Leff (1982, 1997) explains the decline experiences in the north-east in terms of Dutch disease. As coffee exports came to play a greater role in the foreign exchange market, the real exchange rate increasingly reflected the importance of that product, which had a negative impact on the less competitive regions, such as the north-east. It was neither possible to restructure the sugar industry very quickly, nor easy to promote large-scale inter-regional migration flows, although a large number of slaves did move from the north-east to the south-east. Throughout this period, the expansion of the coffee industry was not hindered by any increase in labor costs, since up to 1852 (end of the slave trade), wages were depressed by the presence of slave labor and later by subsidized immigration flows, particularly from Italy (Leff 1997:5). This strengthened the existing pattern in Brazil: an export sector that generated high levels of earnings alongside a large sector that catered to the domestic market and a large subsistence economy, both with very low levels of productivity, with the outcome being low per capita income levels but a high export coefficient relative to the other Latin American economies.

Exports remained low, and the domestic economy was depressed. The only segment that expanded was the subsistence economy. Resources (land, slaves, and transport animals) made idle by the decline of the export economy were absorbed into mostly self-consumption activities.
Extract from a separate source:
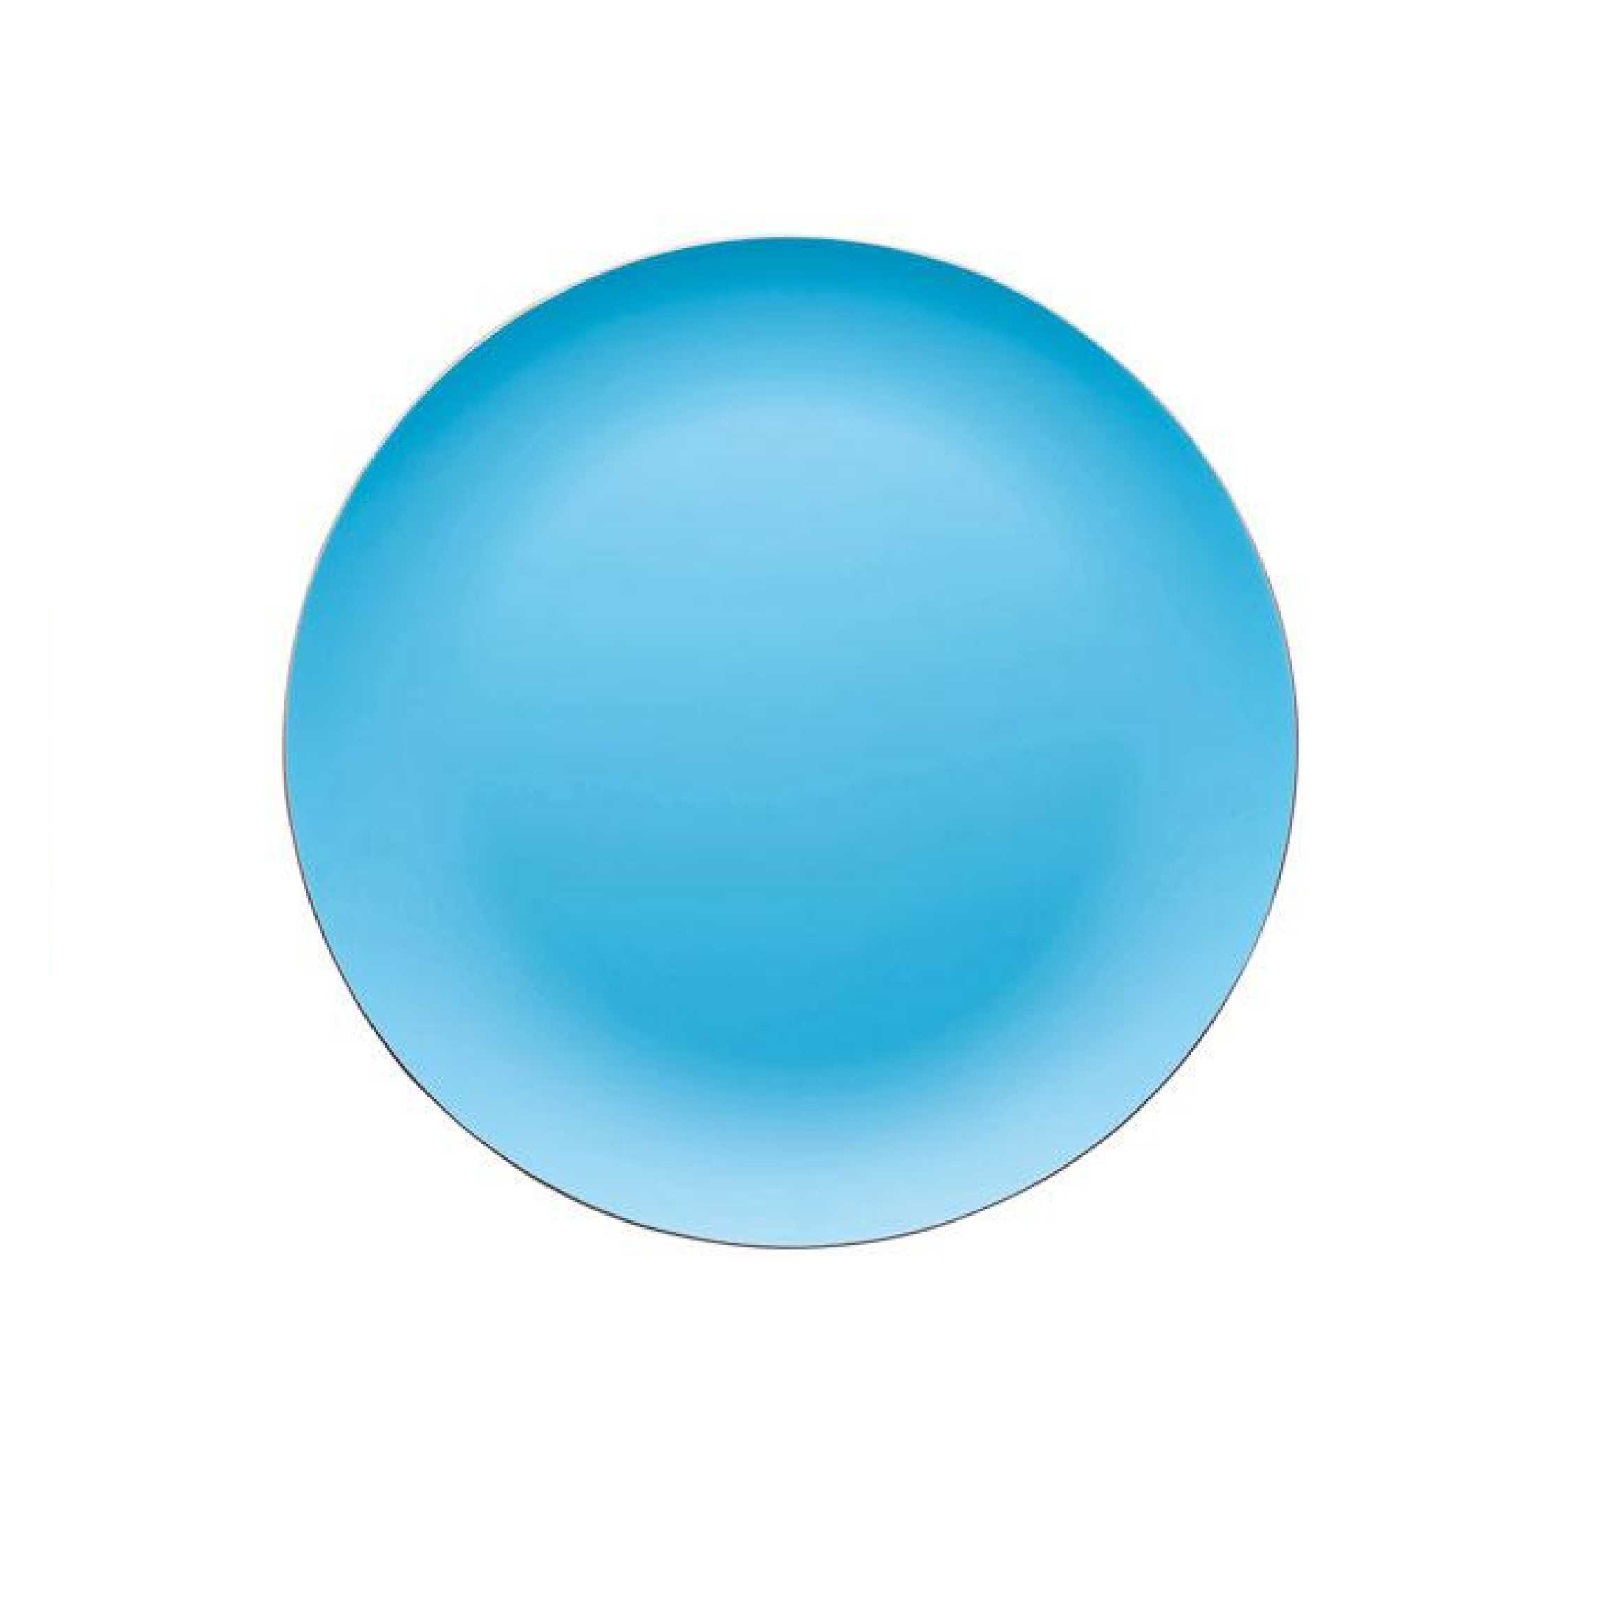 Поднос деревянный Rosenthal SUNNY DAY, диаметр 41 см, голубой Rosenthal 69763-408530-05642 фото 2

== American–Brazilian economic relations (1870–1930) ==

In 1870 Brazil's trade with America was valued at about 31 million dollars while the combined trade of all the South American countries was valued at about $29 million. Brazil was a significant producer of coffee and because of this the United States imported about four times as much as it exported to Brazil. In 1885 Brazil was producing more than one half of the world's supply of coffee. Brazil's trade in 1890 was more than $71 million while that of Argentina and Uruguay was $14 million and $6 million respectively. Soon after 1896, the production of coffee started to surpass consumption and prices began to fall in Brazil. Brazil then stored their coffee instead of selling all of it, and when there was bad season of coffee production they would use what they had previously stored from the year before.

The Monroe Doctrine appeared to some South American states as a US attempt of preserving their control over that hemisphere. Brazil viewed this doctrine as a measure of protection against the interference of the US and from European nations. Brazil's first ambassador to the United States, Joaquim Nabuco, 1905–1910, was a partisan of the Monroe Doctrine. Brazil borrowed money from many nations but it was not until after World War One that it actually borrowed substantial amounts from the US. With the outbreak of the First World War, Brazil continued to share the most significant trade with America with a trade that was valued at $154 million.

== Coffee cycle (1840–1930) ==

The impact of coffee on the Brazilian economy was much stronger than that of sugar and gold. When the coffee surge began, Brazil was already free from the limitations of colonialism. Moreover, the substitution of slave labor for wage labor after 1870 (slavery was abolished in 1888) meant an increase in efficiency and the formation of a domestic market for wage goods. Finally, the greater complexity of coffee production and trade established important sectorial linkages within the Brazilian economy.

Coffee was introduced in Brazil early in the eighteenth century, but initially it was planted only for domestic use. It took the high world prices of the late 1820s and early 1830s to turn coffee into a major export item. During the initial phase, production was concentrated in the mountainous region near Rio de Janeiro. This area was highly suitable for coffee cultivation, and it had access to fairly abundant slave labor. Moreover, the coffee could be transported easily on mule trains or on animal-drawn carts over short distances to the ports.

An entrepreneurial class established in Rio de Janeiro during the mining surge was able to induce the government to help create basic conditions for the expansion of coffee, such as removing transportation and labor bottlenecks. From the area near Rio de Janeiro, coffee production moved along the Paraíba Valley toward São Paulo State, which later became Brazil's largest exporting region. Coffee was cultivated with primitive techniques and with no regard to land conservation. Land was abundant, and production could expand easily through the incorporation of new areas. However, it soon became necessary to ease two basic constraints: the lack of transportation and the shortage of labor.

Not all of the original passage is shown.